Yearning for My Childhood Kaleidoscope
“There was a time when meadow, grove, and stream,
The earth, and every common sight,
To me did seem
Apparelled in celestial light,
The glory and freshness of a dream.
It is not now as it hath been of yore;
Turn wheresoe’r I may,
By night or day,
The things which I have seen I now can see no more.”
From Ode: Intimations Of Immortality by William Wordsworth
I created our image from electromagnetic data — or Light — reflecting off the surface of a flowering bush. It brings to consciousness wistful memories, a longing for a transcendent life in another zone of reality where colors and forms like these saturate daily life, a vision emanating from innocent childhood experience. I am not missing the kaleidoscope as much as I am hearkening back in some travail toward the first brightening of my life, a part of everybody’s biography, the loss of which William Wordsworth renders so well.

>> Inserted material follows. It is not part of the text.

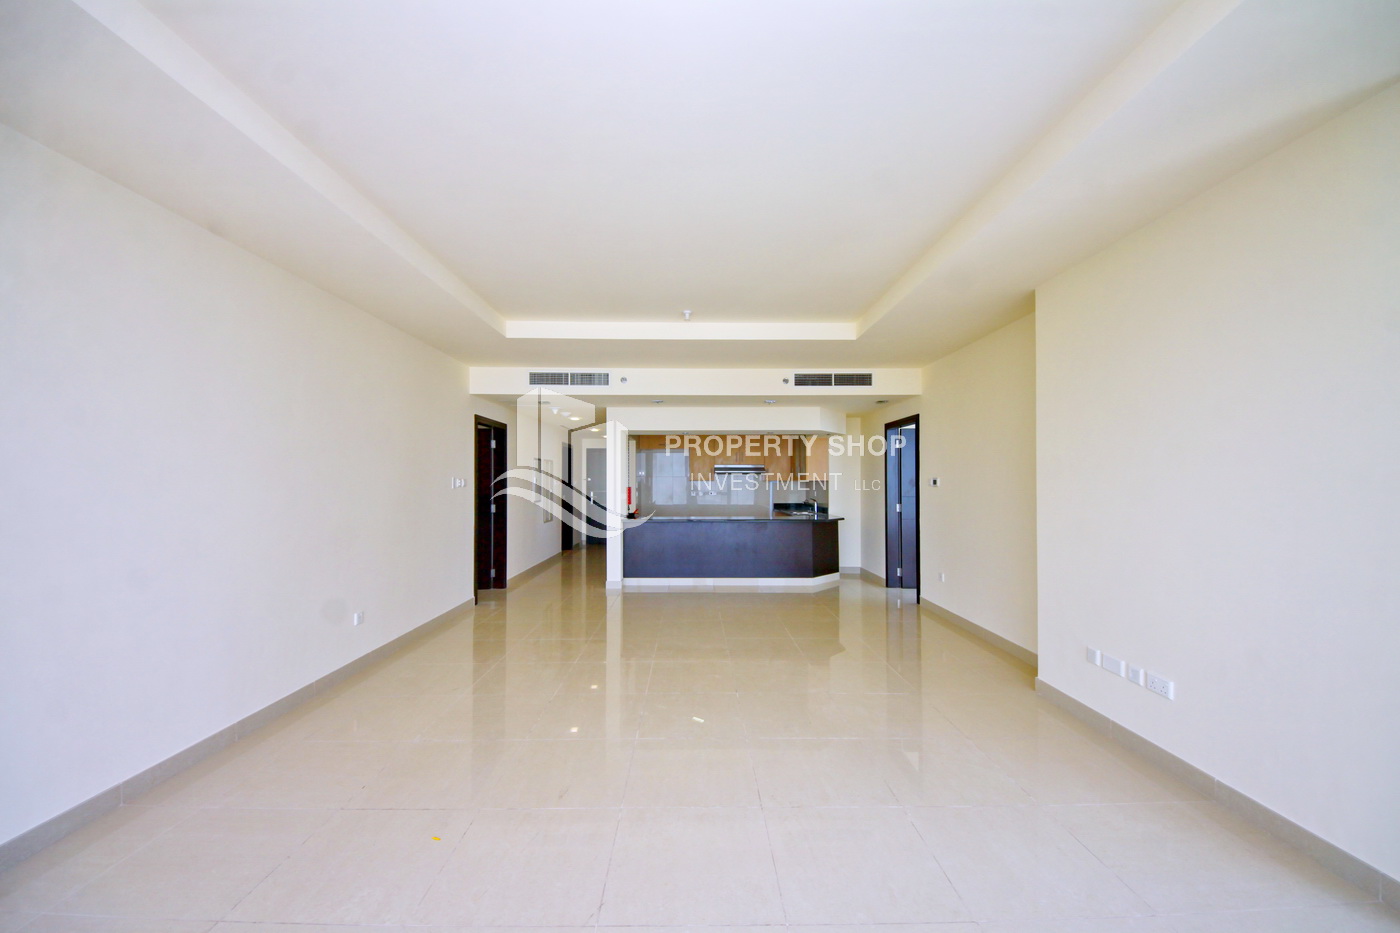 3bedrooms apartment In al reem Island ,FOR SALE!!!!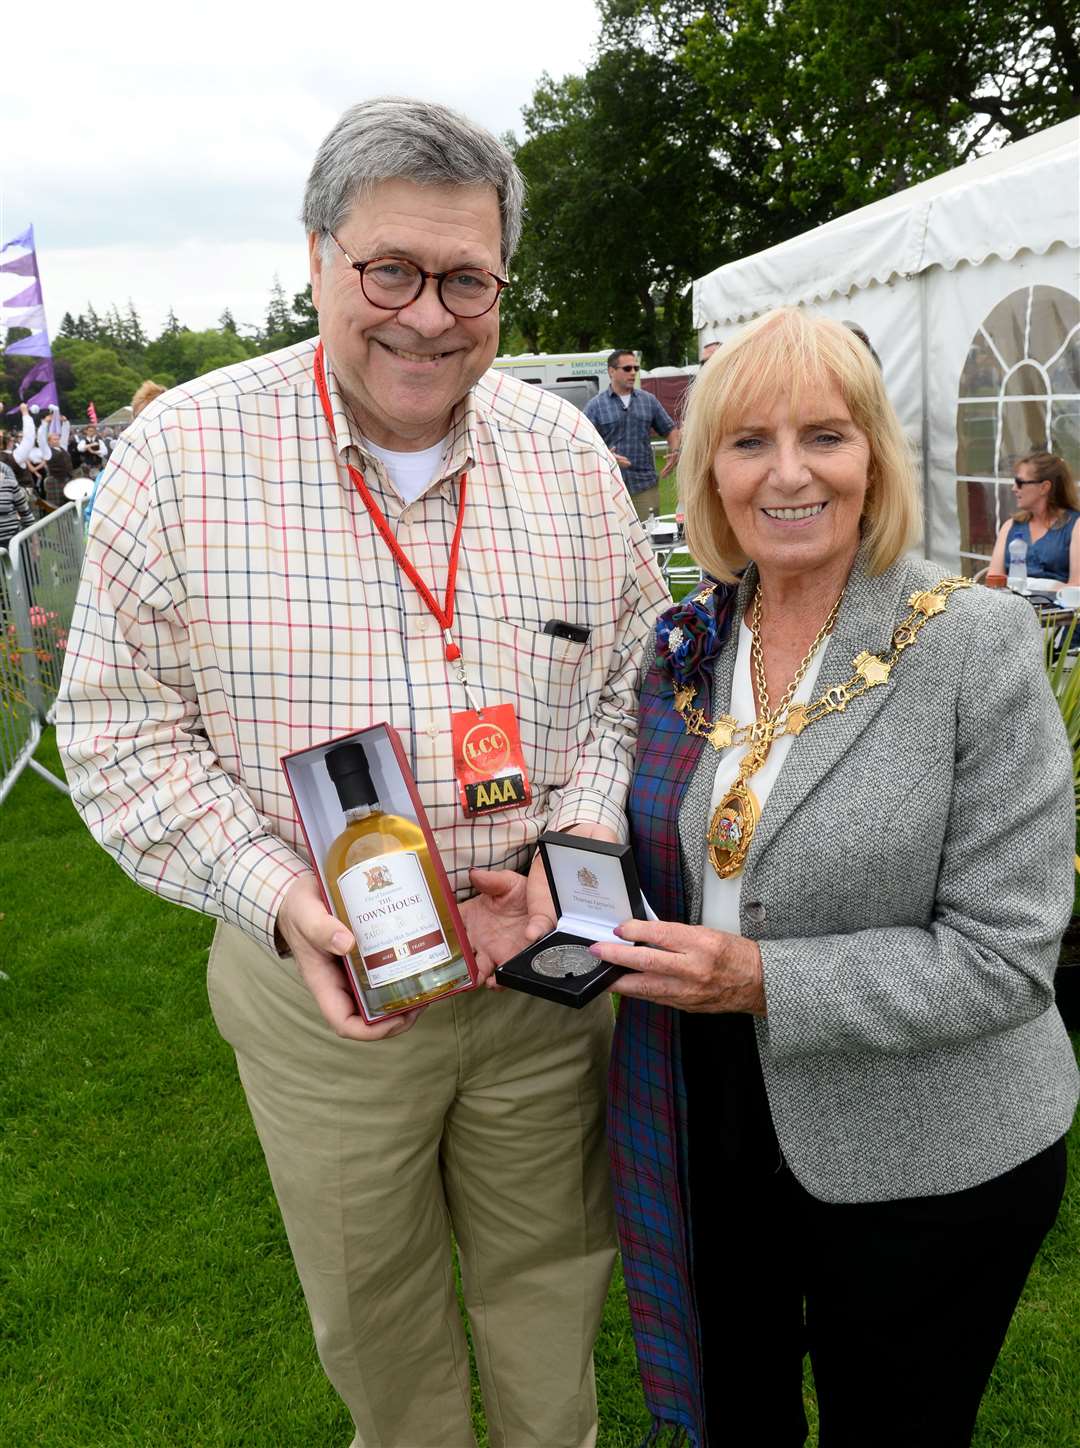 William Barr (United States Attorney General) surprise visitor along with 5 Secret service personal, a keen piper since the age of 6 and thoroughly enjoying the days events, with Provost Helen Carmichael who presented him with a Bottle of Inverness Town House 11 year old Malt Whiskey. Picture: Alasdair Allen

Our poet constructed a profound poem in the English language. It can be read, but it cannot (in my judgment) be fully understood and appreciated by a human being much before reaching sixty years of age. Nostalgia is possible. Melodramatic sentiment leaving you misty-eyed remains available to all ages. However, Wordsworth is talking about something far more subtle and below-the-surface. His last lines make reference to this, and also offer a benediction:
“Thanks to the human heart by which we live,
Thanks to its tenderness, its joys, and fears,
To me the meanest flower that blows can give
Thoughts that do often lie too deep for tears.”